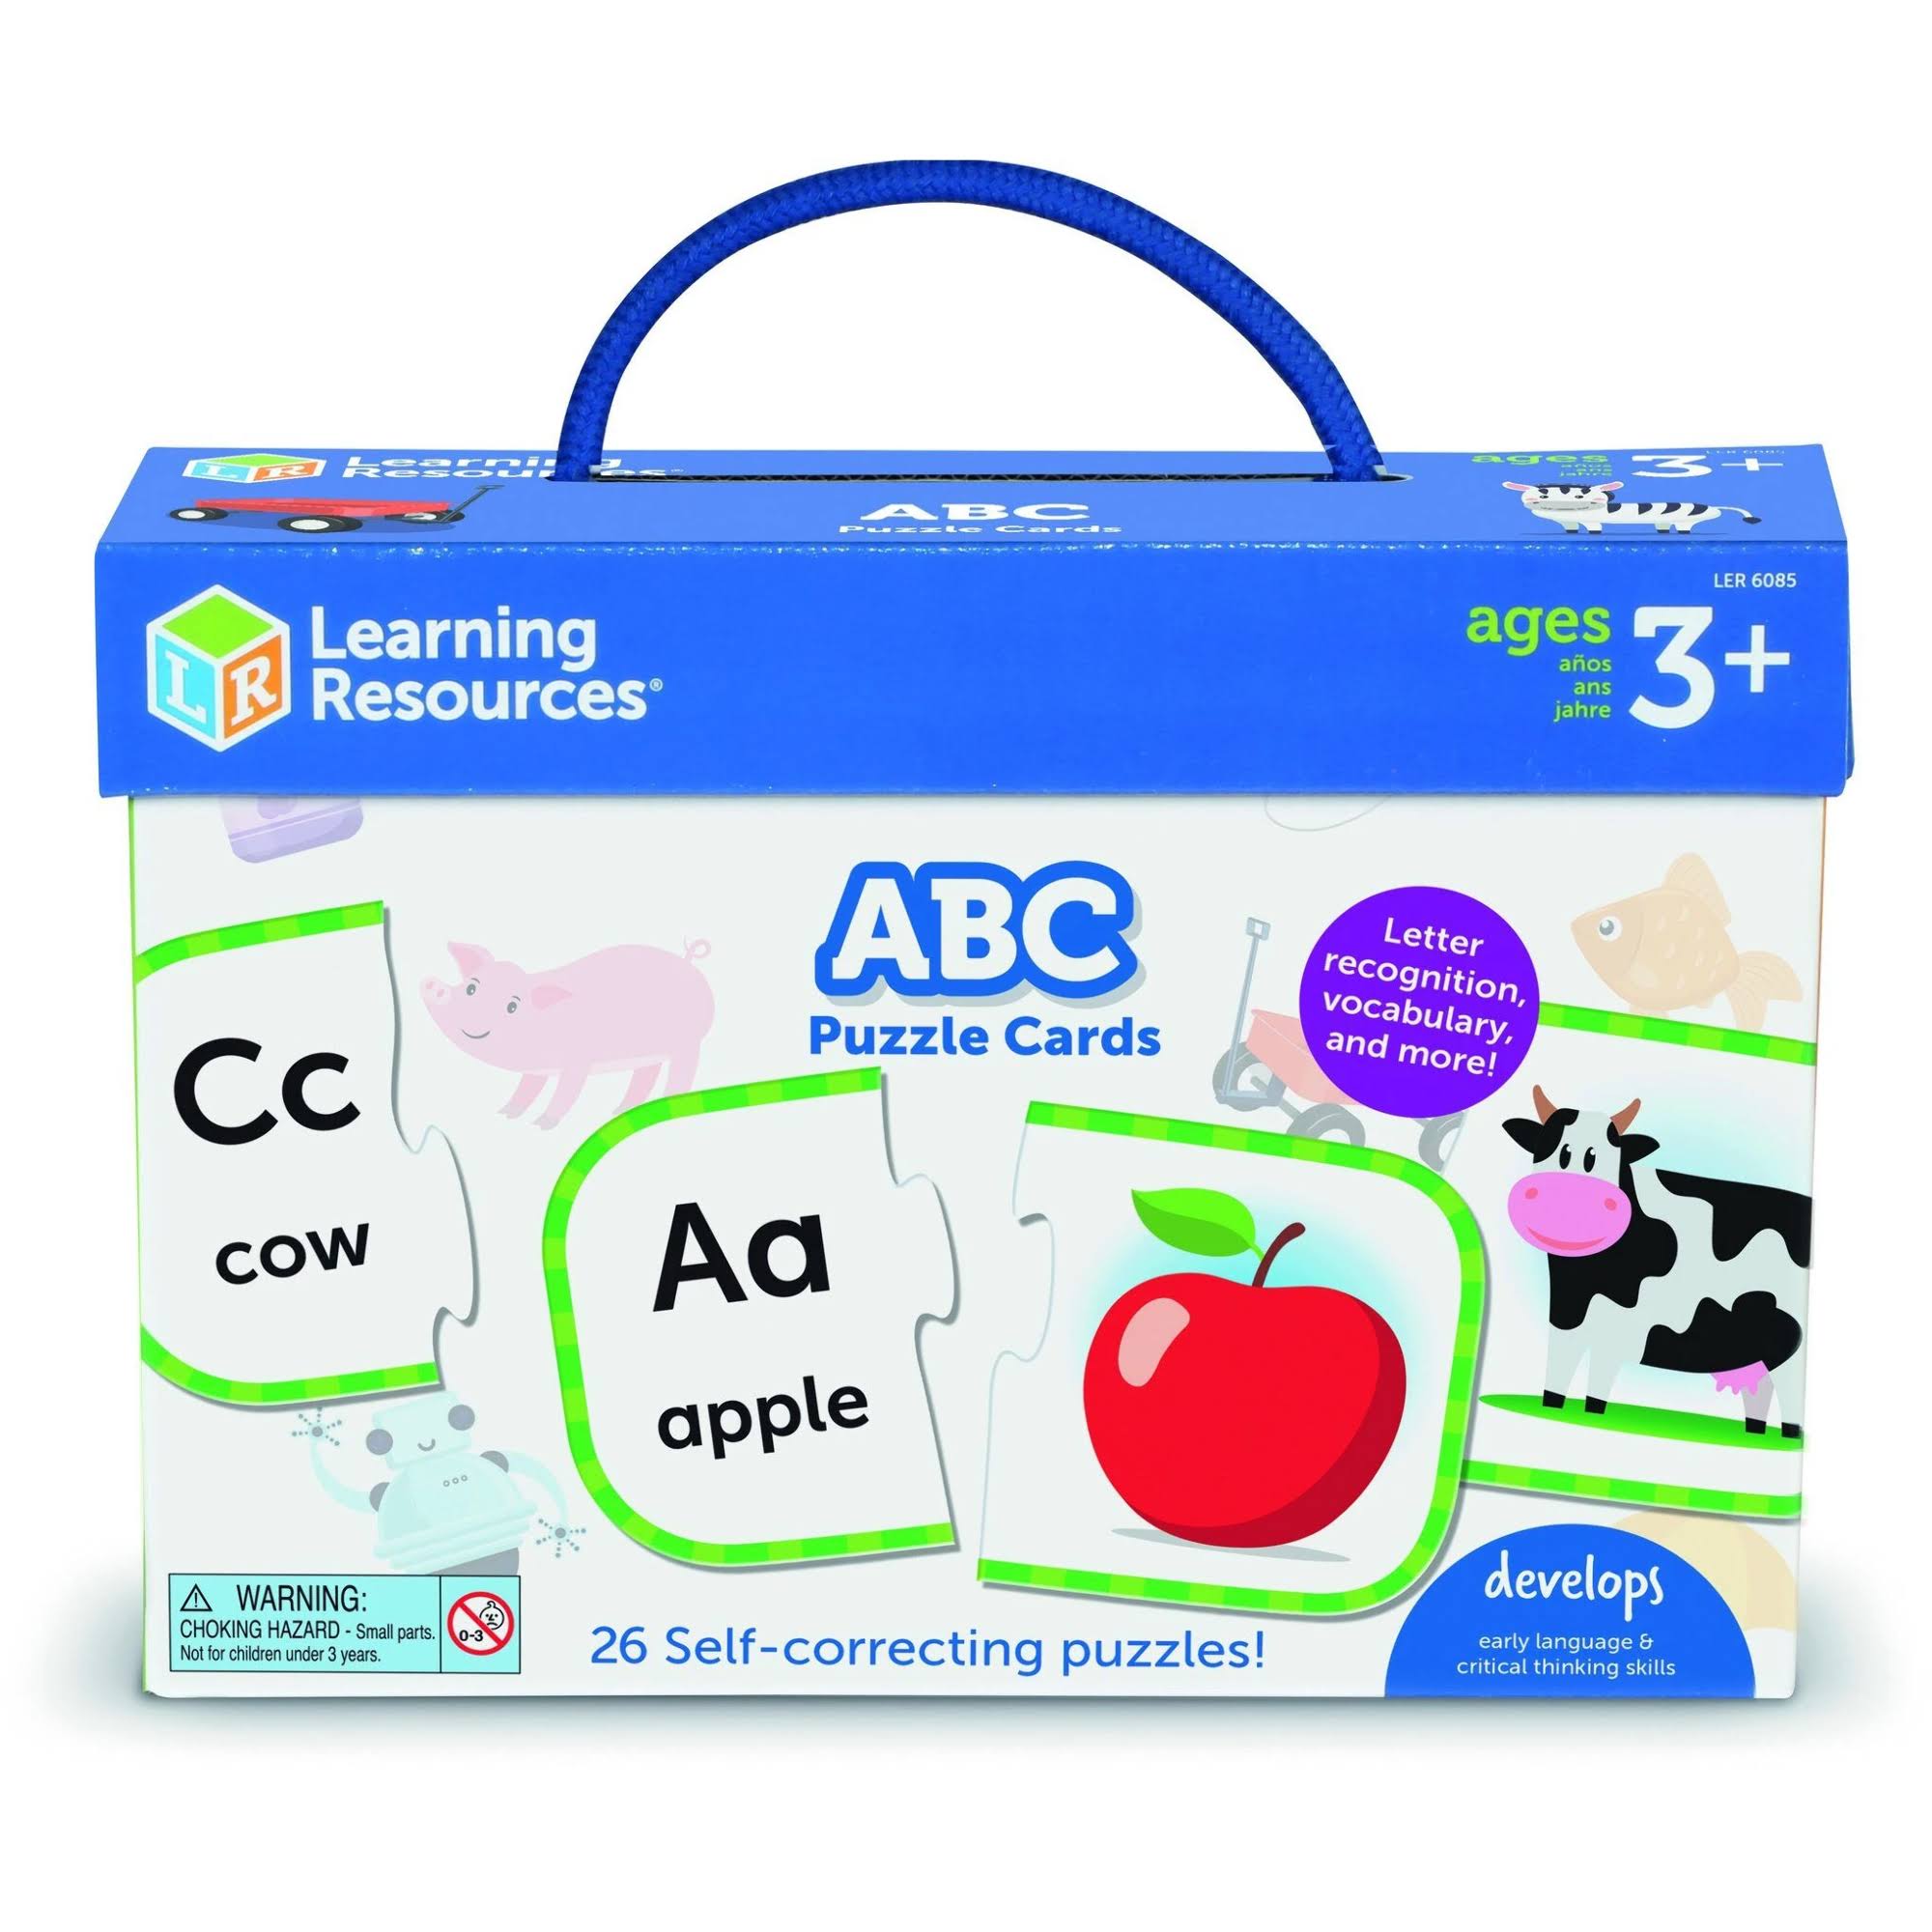 Learning Resources ABC Puzzle Cards | LER6085
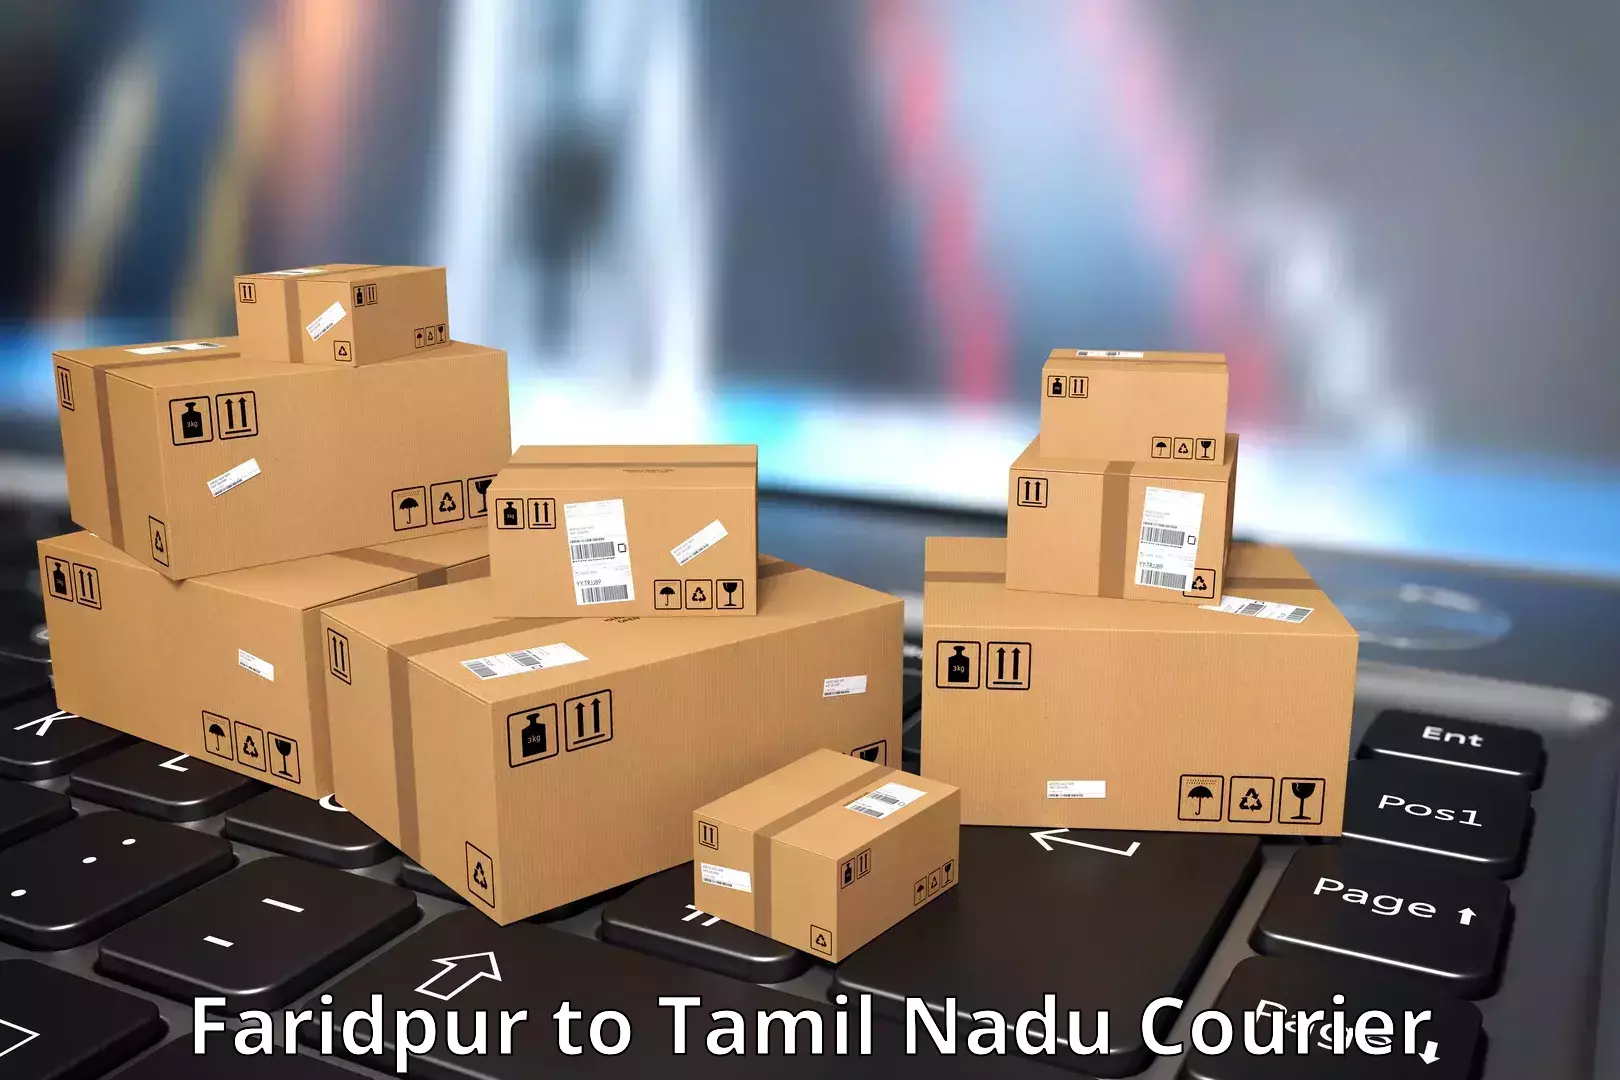 High-priority parcel service Faridpur to Rajapalayam
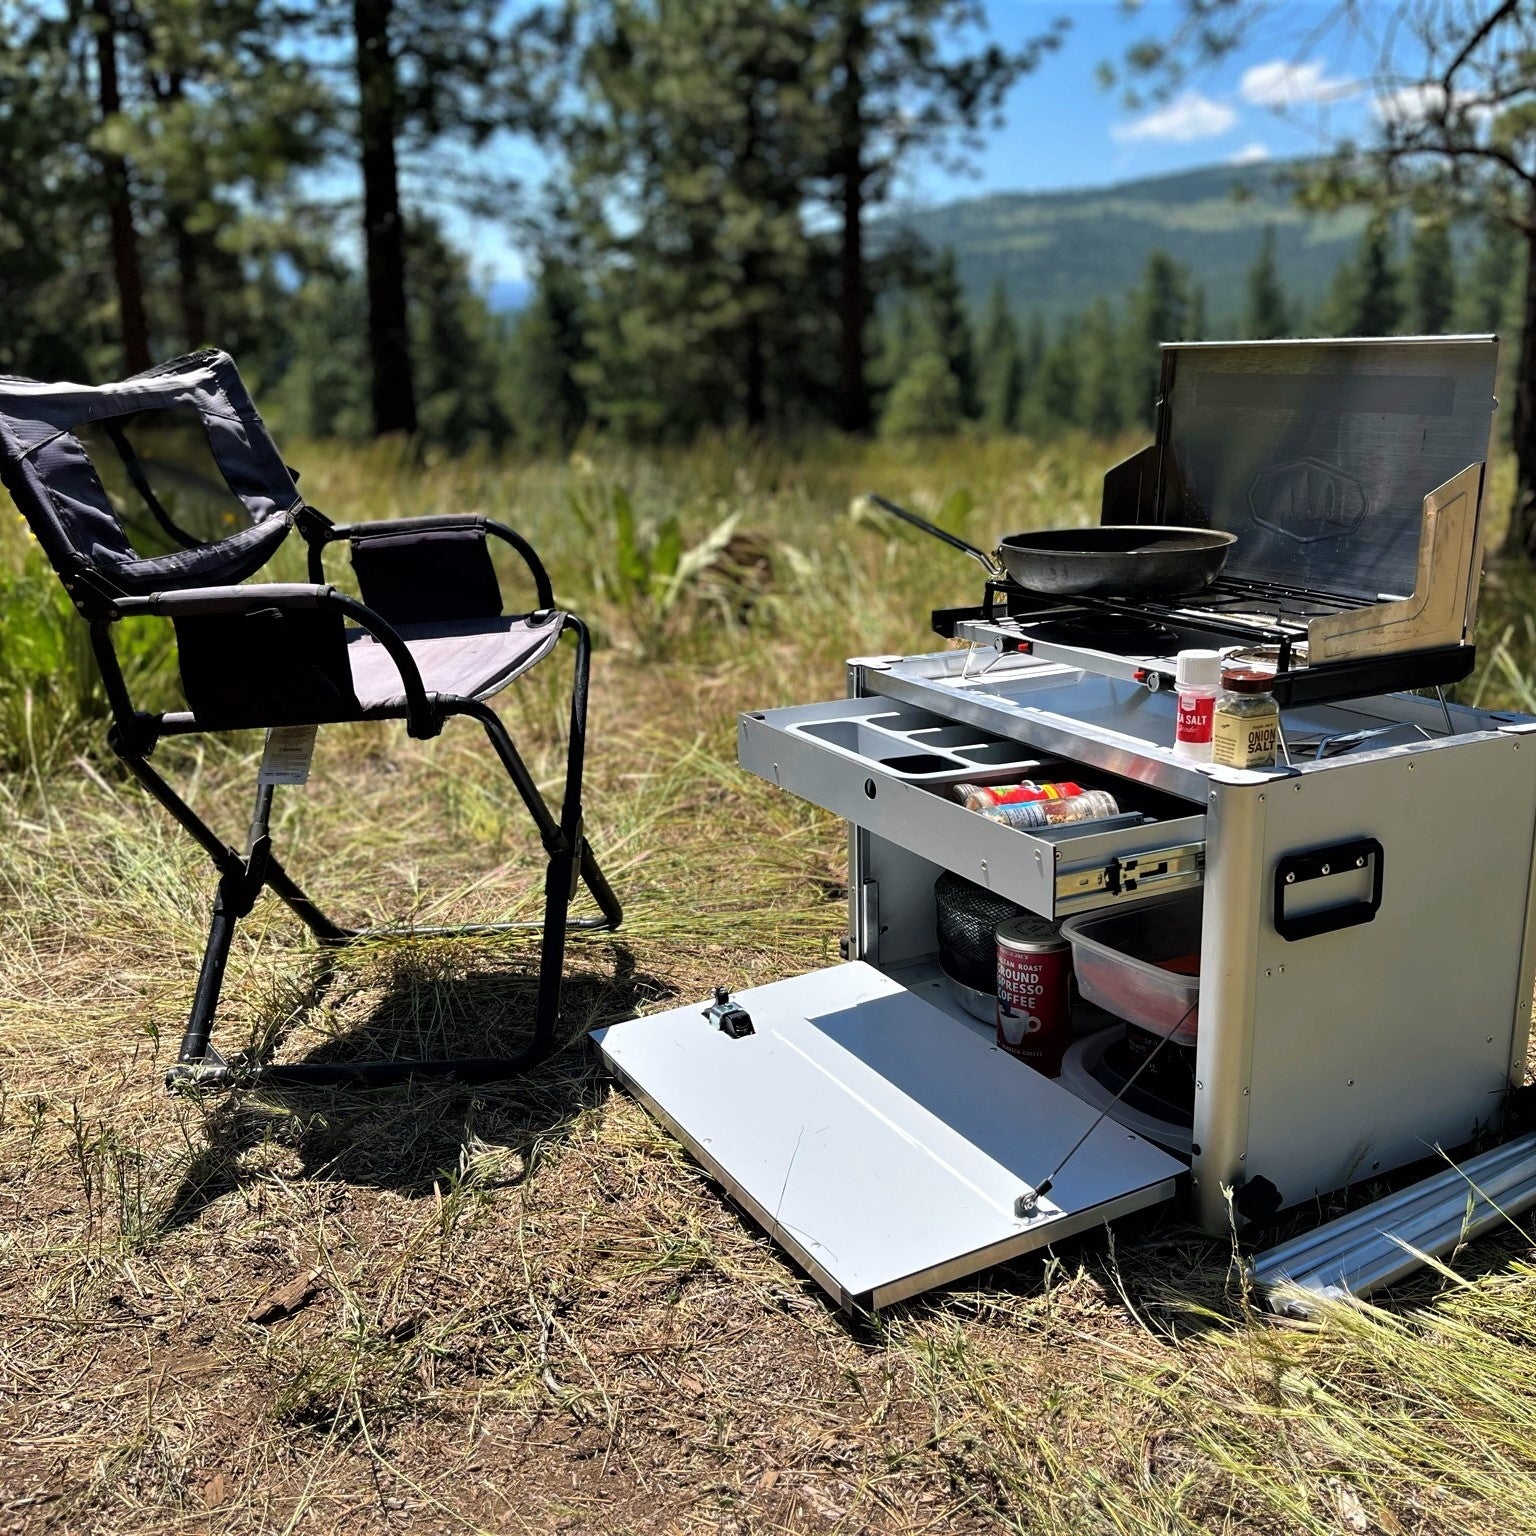 Can't wait to use my new camp kitchen

——————

- Task directions: With the images omitted, return the full material exactly.

- Solution to this problem:
 Learning Resources ABC Puzzle Cards | LER6085
 High-priority parcel service Faridpur to Rajapalayam
 Can't wait to use my new camp kitchen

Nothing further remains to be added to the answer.